Item 15. Indemnification of Officers and Directors.
     Section 145 of the Delaware General Corporation Law authorizes a court to award, or a corporation’s board of directors to grant, indemnity to officers, directors and other corporate agents in terms sufficiently broad to permit such indemnification under certain circumstances and subject to certain limitations.
     As permitted by Section 145 of the Delaware General Corporation Law, the registrant’s restated certificate of incorporation includes a provision that eliminates the personal liability of its directors for monetary damages for breach of their fiduciary duty as directors.

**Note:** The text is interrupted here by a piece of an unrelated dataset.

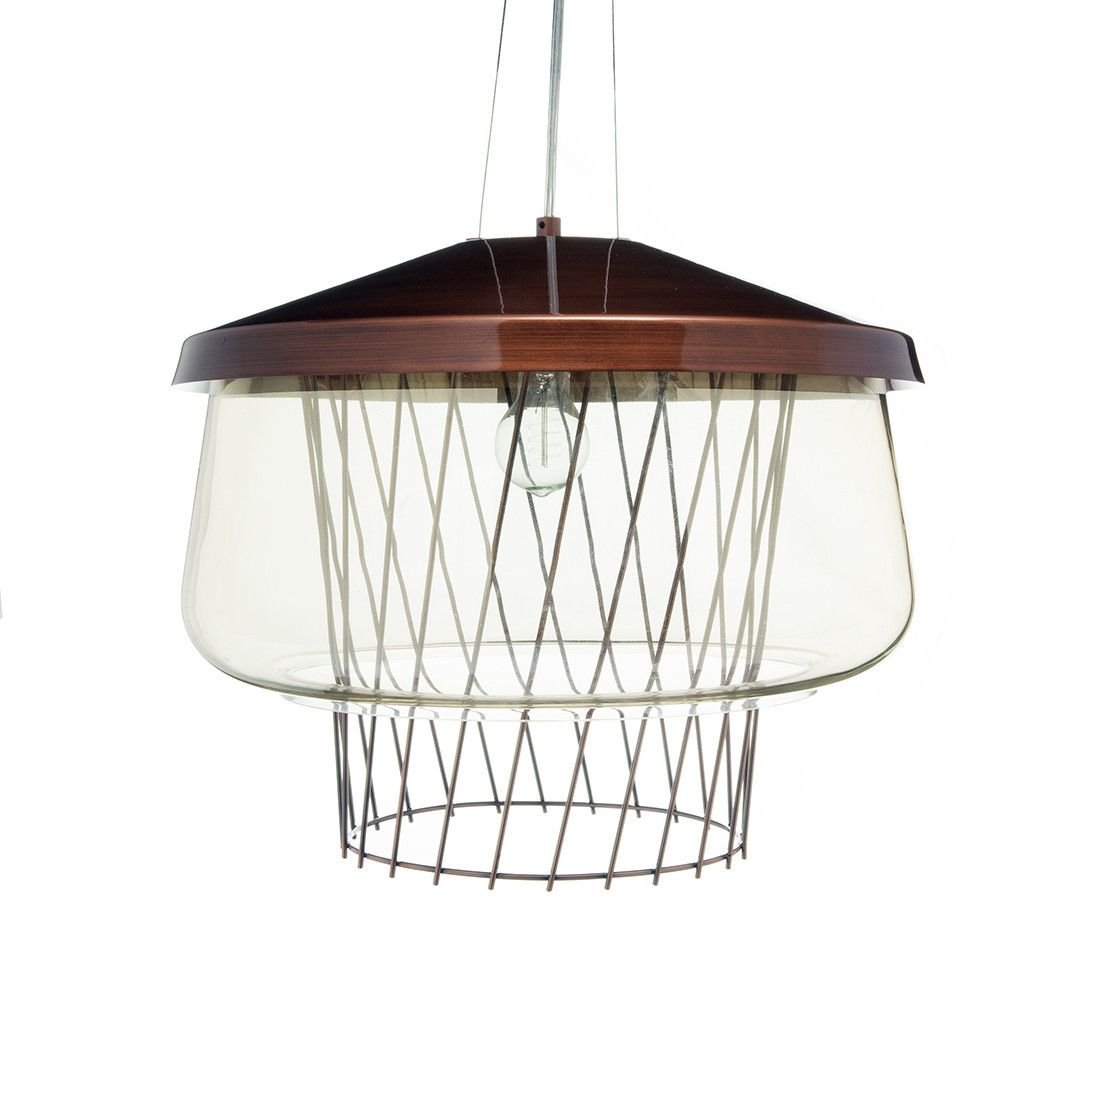 Modern Danish Design Ceiling Lamp Cissy Lighting Ideas

     In addition, as permitted by Section 145 of the Delaware General Corporation Law, the bylaws of the registrant provide that:
    The registrant shall indemnify its directors and officers for serving the registrant in those capacities or for serving other business enterprises at the registrant’s request, to the fullest extent permitted by Delaware law.
 
    The registrant may, in its discretion, indemnify employees and agents in those circumstances where indemnification is not required by law.
 
    The registrant is required to advance expenses, as incurred, to its directors and officers in connection with defending a proceeding, except that such director or officer shall undertake to repay such advances if it is ultimately determined that such person is not entitled to indemnification.
 
    The registrant will not be obligated pursuant to the bylaws to indemnify a person with respect to proceedings initiated by that person, except with respect to proceedings authorized by the registrant’s Board of Directors or brought to enforce a right to indemnification.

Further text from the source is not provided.